- Born: November 18, 1843 Bangkok, Siam
- Died: February 18, 1936 (aged 92) Berkeley, California, US
- Occupation: Professor
- Spouse: Mary Sarepta Comings (1844–1921)
- Children: Bertha Bradley Warbasse (1872-1921) Harold Cornelius Bradley (1878-1976)
- Parent(s): Dan Beach Bradley Emelie Royce

= Cornelius Beach Bradley =

American scholar (1843–1936)

Cornelius Beach Bradley (November 18, 1843 – February 18, 1936) was an American English-language scholar. He served as professor of rhetoric at the University of California, Berkeley (then called the University of California), and also extensively studied the Thai language.

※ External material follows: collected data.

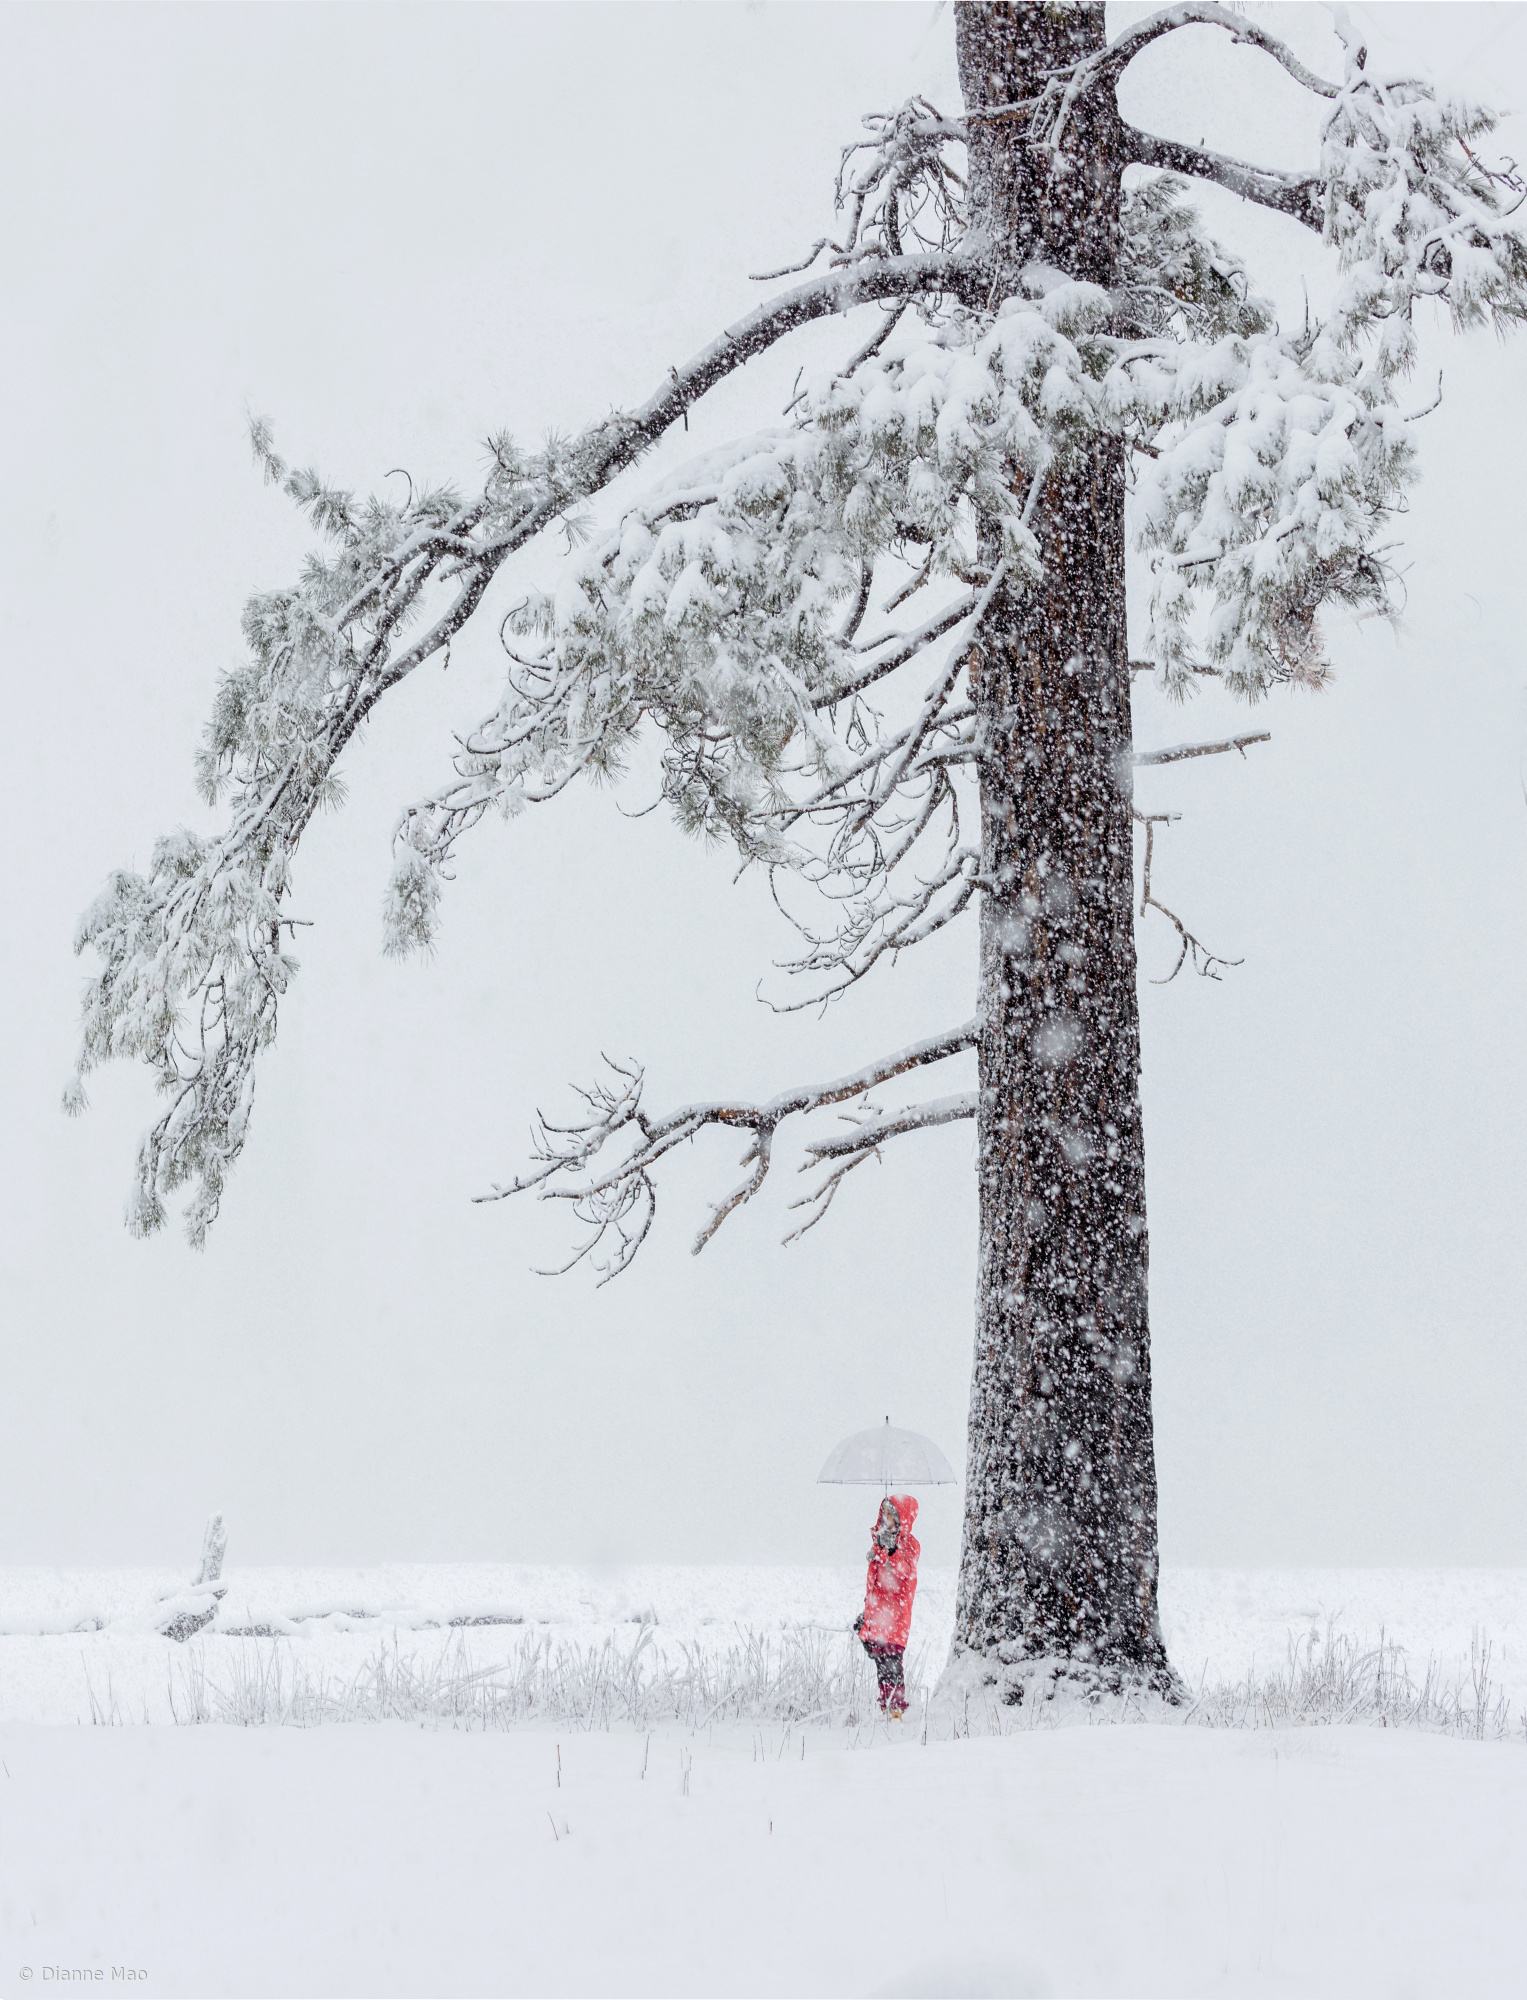 In Snow by Dianne Mao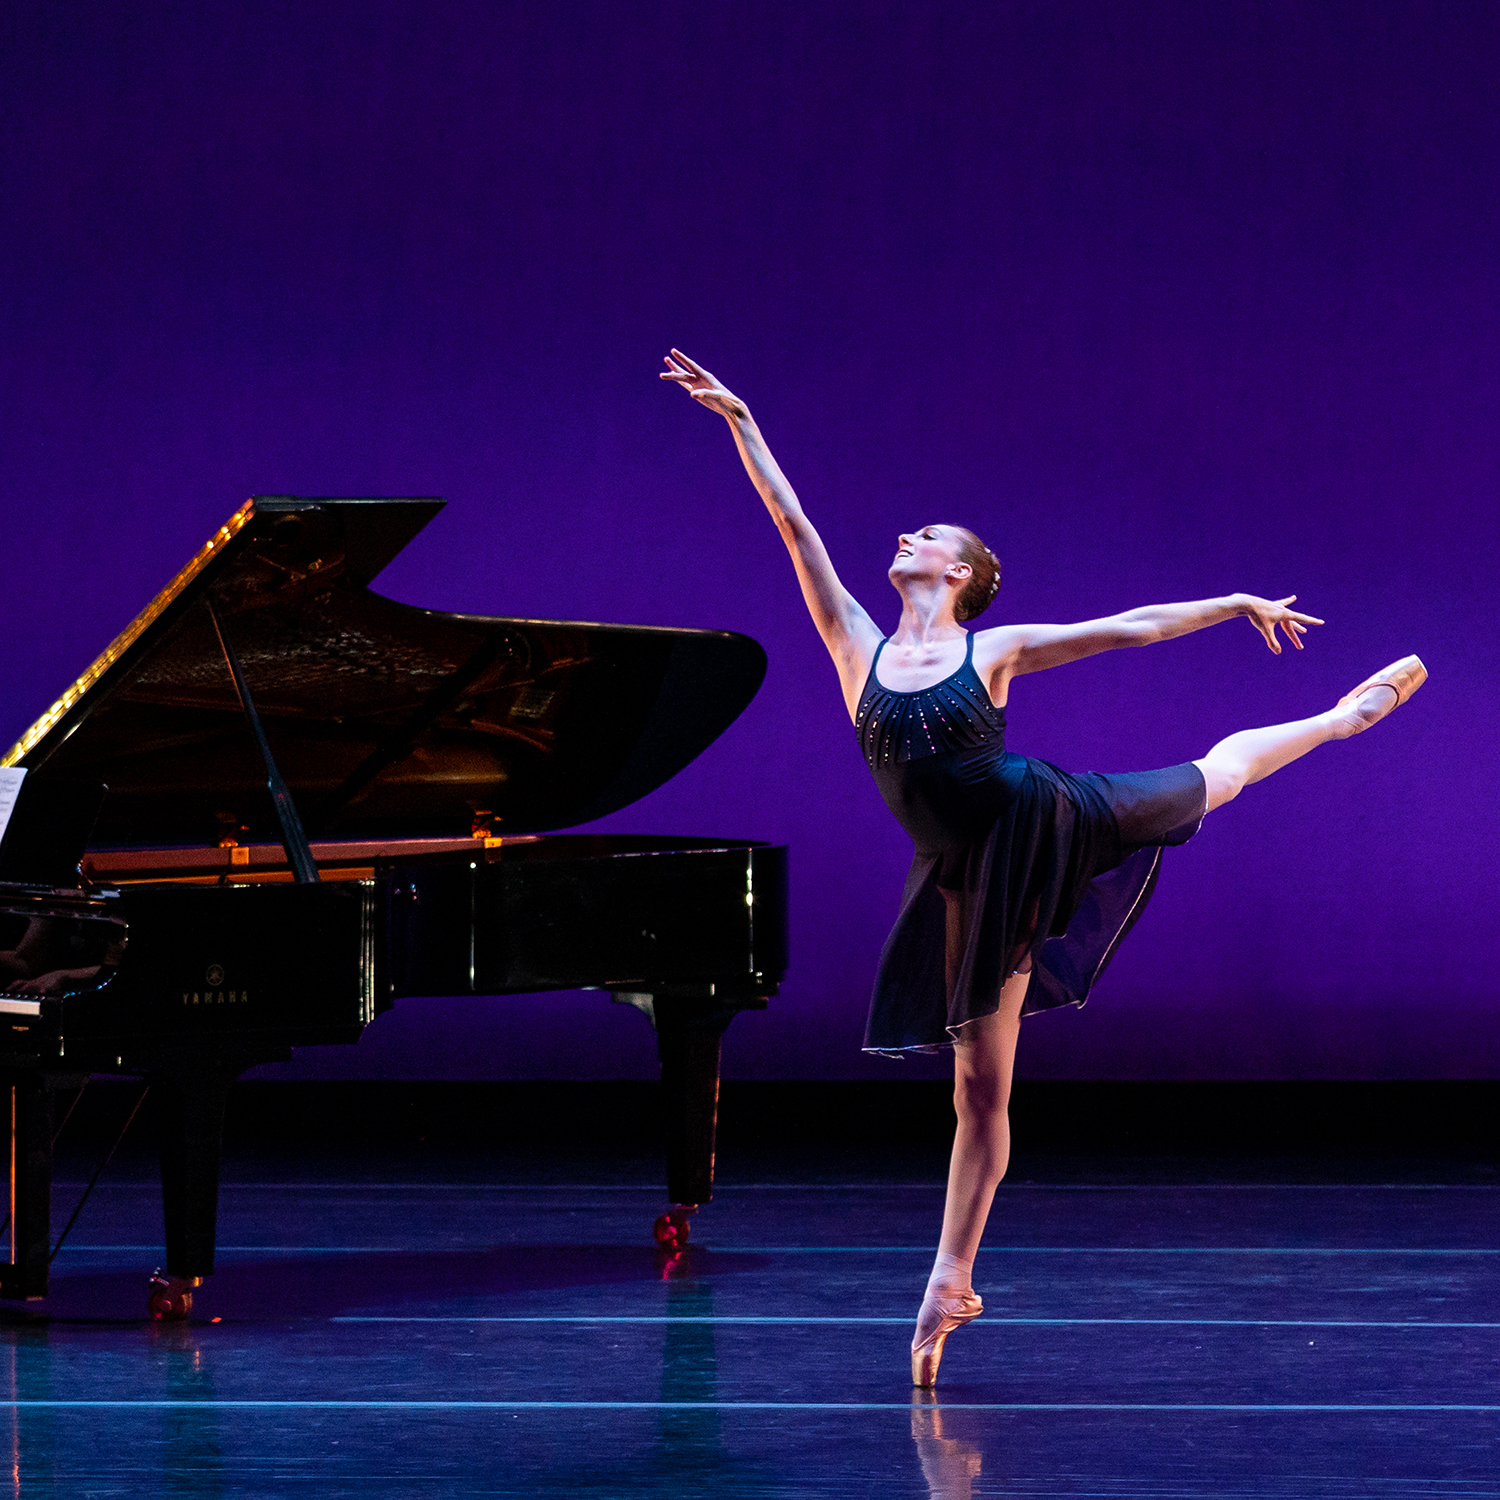 A ballerina dances near a grand piano on stage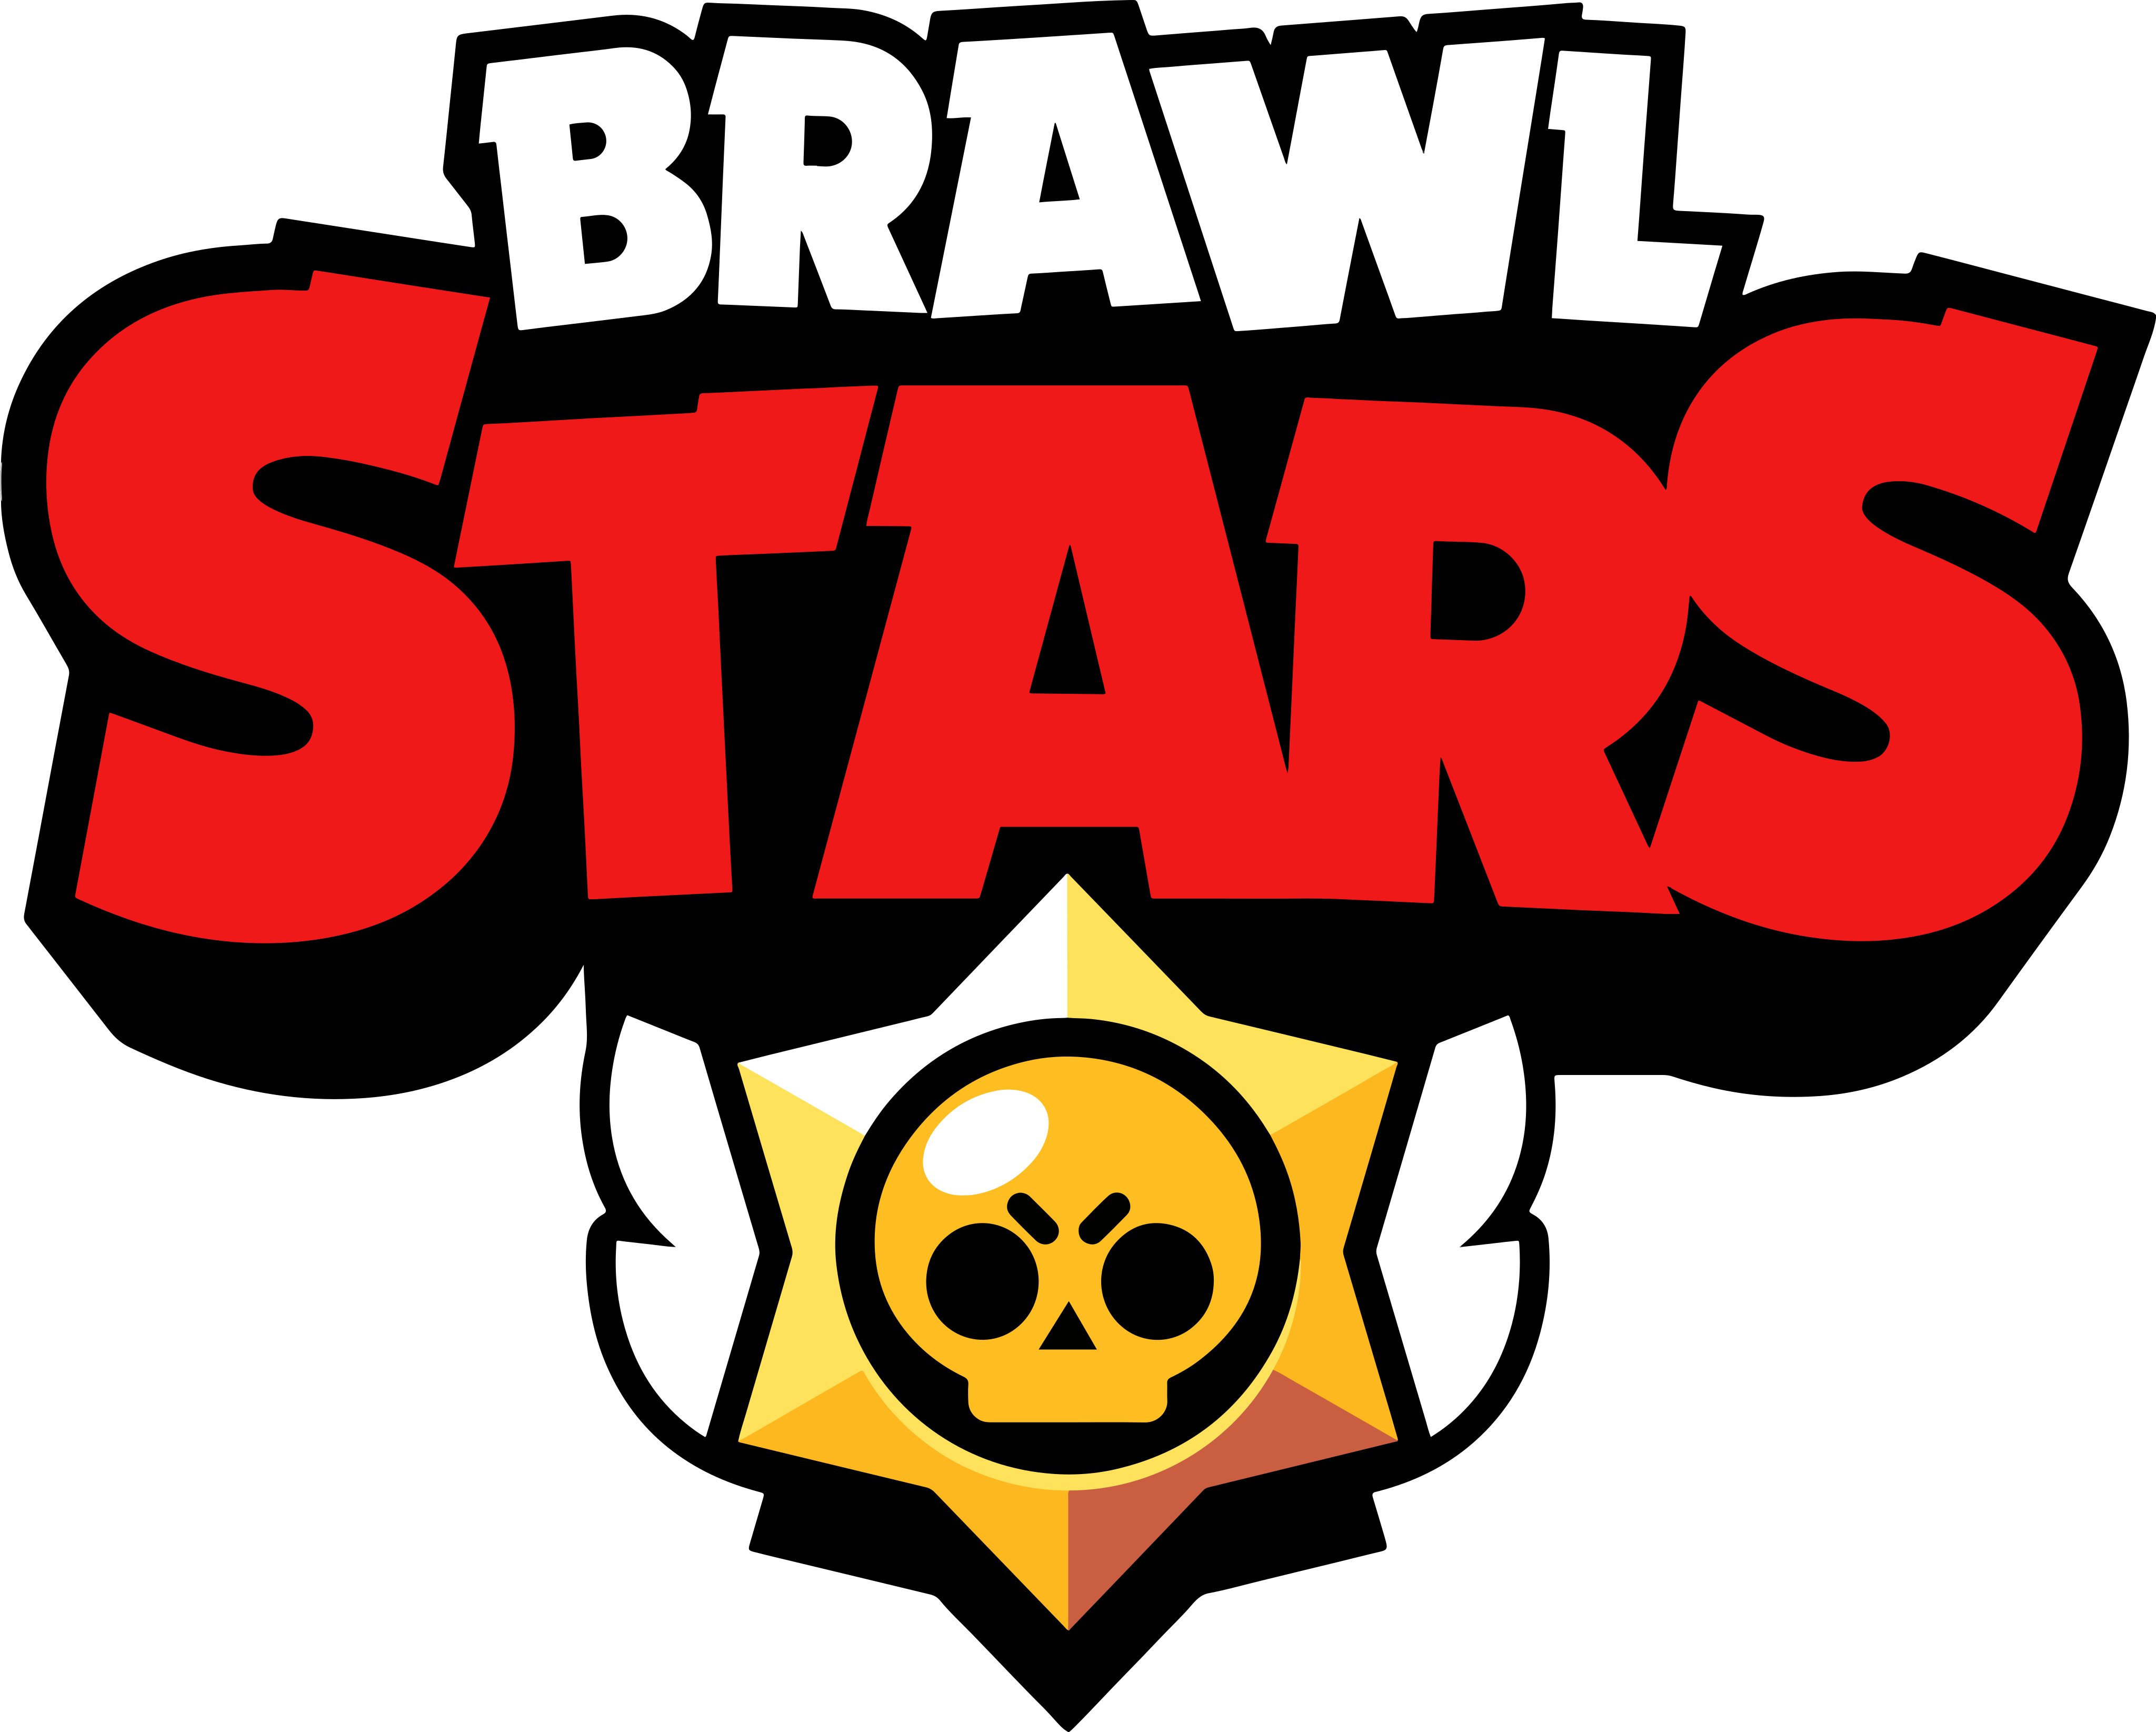 brawl stars logo - Brawl Stars Logo

Bradley was born and grew up in Siam, the son of missionary Dan Beach Bradley, and also did missionary work in the country after graduating from Oberlin College in the United States. He returned to the United States in 1874, becoming a teacher and vice-principal at Oakland High School, before joining the faculty of the University of California in 1882. He was also known for mountaineering, especially in the Sierra Nevada.

Bradley was the father of Harold Cornelius Bradley, a professor of biochemistry at UW-Madison, and grandfather of Charles C. Bradley, a professor of geology at Montana State College.

==Thai language research==

Bradley was a first language speaker of Thai and did some of the earliest linguistic analysis of the language, including studies of its tones, vowels, and writing system.